Üçüncü olarak, Birleşik Arap Emirlikleri’nin egemen varlık fonunun yıl sonuna kadar 2 trilyon dolara ulaşması beklenmektedir. Bu tek başına, Yeni Kalkınma Bankası’nın Batı merkezli finansal kurumlara karşı konumunu önemli ölçüde güçlendirebilir. Rusya Devlet Başkanı Vladimir Putin, Brics ülkelerinin Swift’e alternatif oluşturmadıklarını söylemiş olsa da, grup için bir ödeme sistemi kurma önerisi – uygulanırsa – ABD dolarının hakimiyetine meydan okuyabilir.
Dördüncü olarak, Çin’in Kuşak ve Yol Girişimi gibi ekonomik ilişkileri yoluyla sahip olduğu ilişkisel güç, küresel ekonomik sistemi yeniden şekillendirerek ticaret ve yatırım normlarını değiştirmekte ve mevcut finansal kurumların otoritesine meydan okumaktadır.
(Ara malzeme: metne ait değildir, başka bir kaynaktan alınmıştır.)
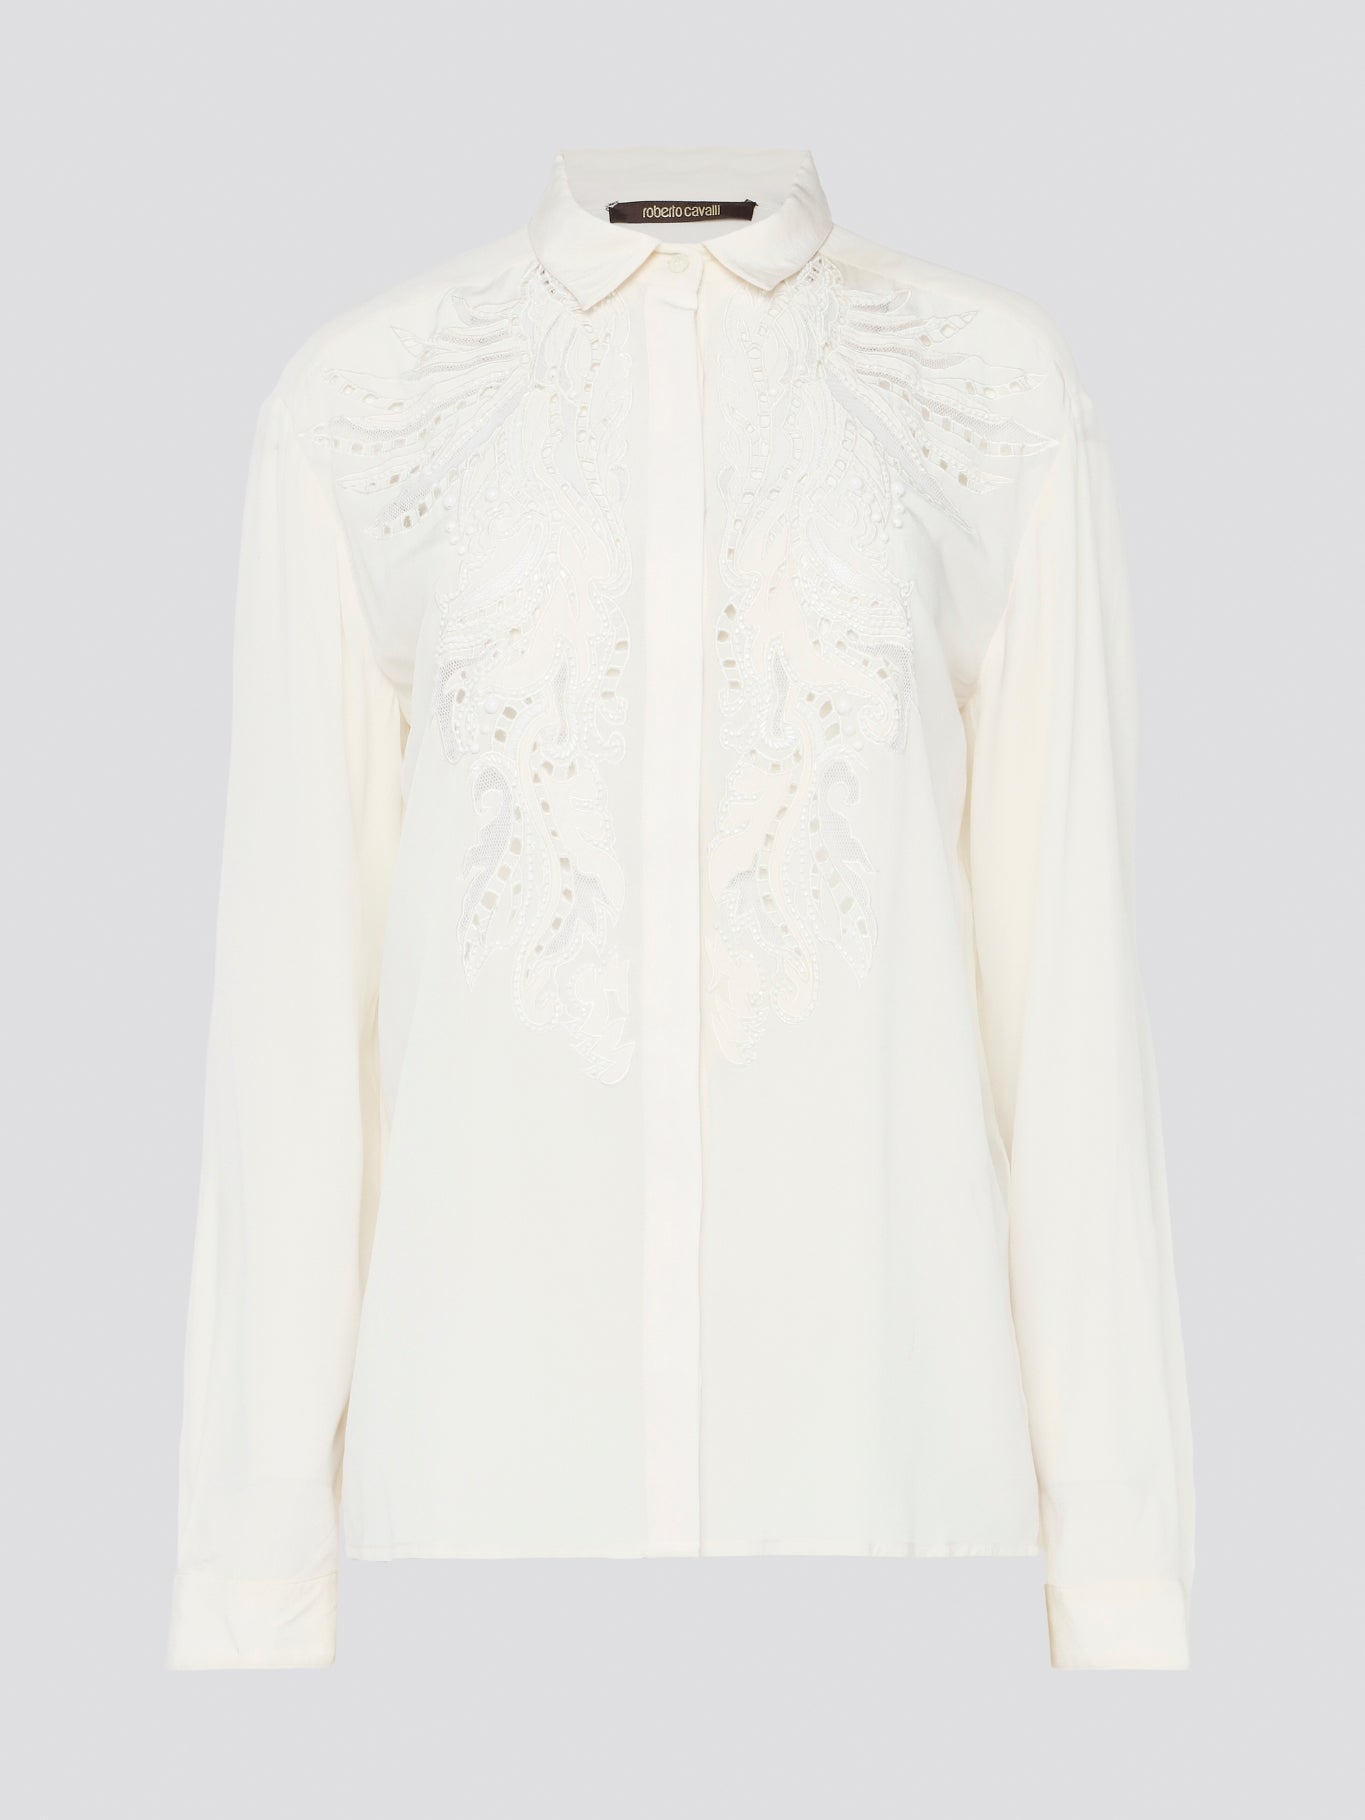 Feel like a bohemian queen in this exquisite white embroidered long sleeve blouse from Roberto Cavalli. The intricate detailing and luxurious fabric create a stunning and timeless piece that is perfect for any occasion. Elevate your wardrobe and make a statement with this elegant and unique blouse.

Beşinci olarak, Hindistan Dörtlü Güvenlik Diyaloğu’nun bir üyesi olmasına rağmen, Batı’nın Moskova’yı izole etme baskısına rağmen Rusya ile ticarete devam etmiştir. Bu tutum, Hindistan’ın stratejik özerklik, ekonomik çıkarlar ve Rusya ile uzun süredir devam eden savunma ve enerji bağlarına olan bağlılığından kaynaklanmaktadır. Çin ile son dönemde artan yakınlaşma, Hindistan’ın Batı ile ilişkilerinde denge sağlama çabasının bir parçası olarak dikkat çekmektedir.
Altıncı olarak, Çin ve Brezilya gibi Brics ülkeleri, Ukrayna savaşına tarafsızlık, egemenlik ve müzakere vurgusuyla yaklaşmıştır. Bu tutum, Güneydoğu Asya Uluslar Birliği (ASEAN) gibi oluşumların savaşa yönelik tutumlarını etkilemiştir.
Son olarak, Türkiye’nin Brics’e katılma isteği, güç dengesi ve jeopolitik karmaşıklıkları vurgulamaktadır. Brics açısından Türkiye’nin üyeliği, grubun etkisini artırabilir ve çok kutuplu bir dünya düzenini teşvik etme hedeflerine katkı sağlayabilir. Türkiye için Brics üyeliği, ortaklıklarını çeşitlendirme ve diplomatik nüfuzunu güçlendirme fırsatını sunarak kendisini Doğu ve Batı arasında bir köprü olarak konumlandırabilir. Ancak Türkiye, bu durumda NATO üyesi olarak konumunu zorlama riskiyle karşı karşıya kalacaktır.
Brics, yalnızca maddi yeteneklerden değil, aynı zamanda bağlantılar kurma, alternatif kurumlar oluşturma ve yükselen ekonomiler arasında paylaşılan hedefleri koordine etme yoluyla ilişkisel güç biriktirmektedir.